Are you saying you think women have the right to choose abortion?
Yeah. I mean, again, I think that’s an individual choice.

You do?
Yeah. Absolutely.
Which, of course, is Not Allowed, since recognizing the bodily autonomy of women is Republican heresy. So this morning, Steele has issued what we're all meant to pretend is a clarifying statement, but is, naturally, just a blatant bit of backpedaling:
I am pro-life, always have been, always will be.

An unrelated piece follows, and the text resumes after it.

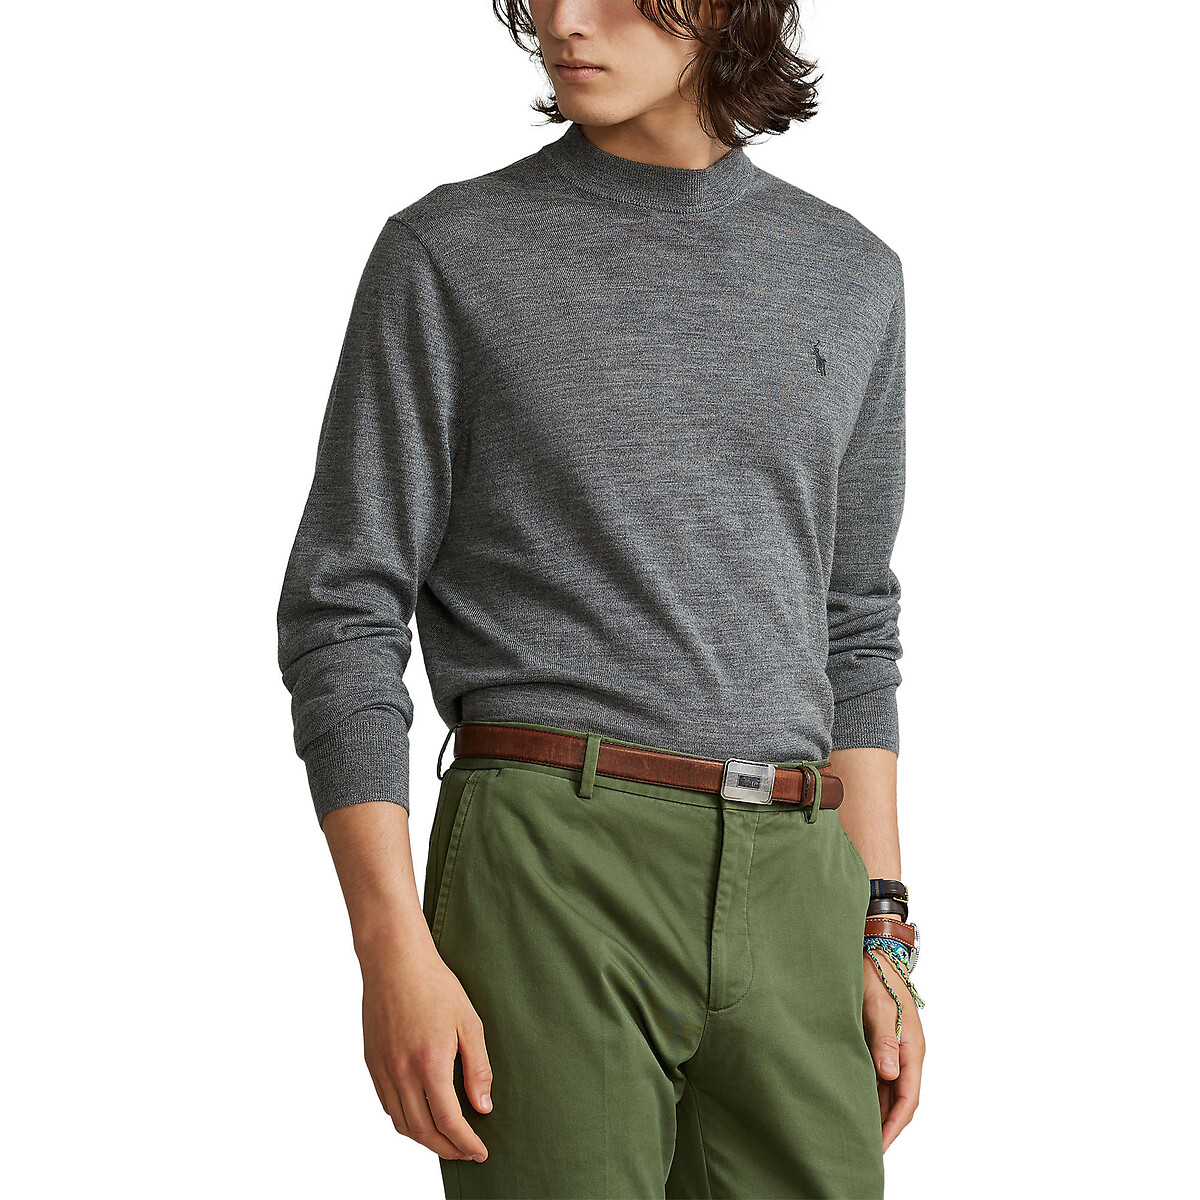 Пуловер POLO RALPH LAUREN С воротником-стойкой из шерсти мериноса XL серый, размер XL

I tried to present why I am pro life while recognizing that my mother had a "choice" before deciding to put me up for adoption. I thank her every day for supporting life. The strength of the pro life movement lies in choosing life and sharing the wisdom of that choice with those who face difficult circumstances. They did that for my mother and I am here today because they did. In my view Roe vs. Wade was wrongly decided and should be repealed. I realize that there are good people in our party who disagree with me on this issue.

But the Republican Party is and will continue to be the party of life. I support our platform and its call for a Human Life Amendment. It is important that we stand up for the defenseless and that we continue to work to change the hearts and minds of our fellow countrymen so that we can welcome all children and protect them under the law.
Wev.

Say, isn't it about time for you to apologize to Rush Limbaugh again, you pathetic marionette?

I eagerly await the creative revisionism once the rightwing discovers Steele also said in the same interview that being gay isn't a choice.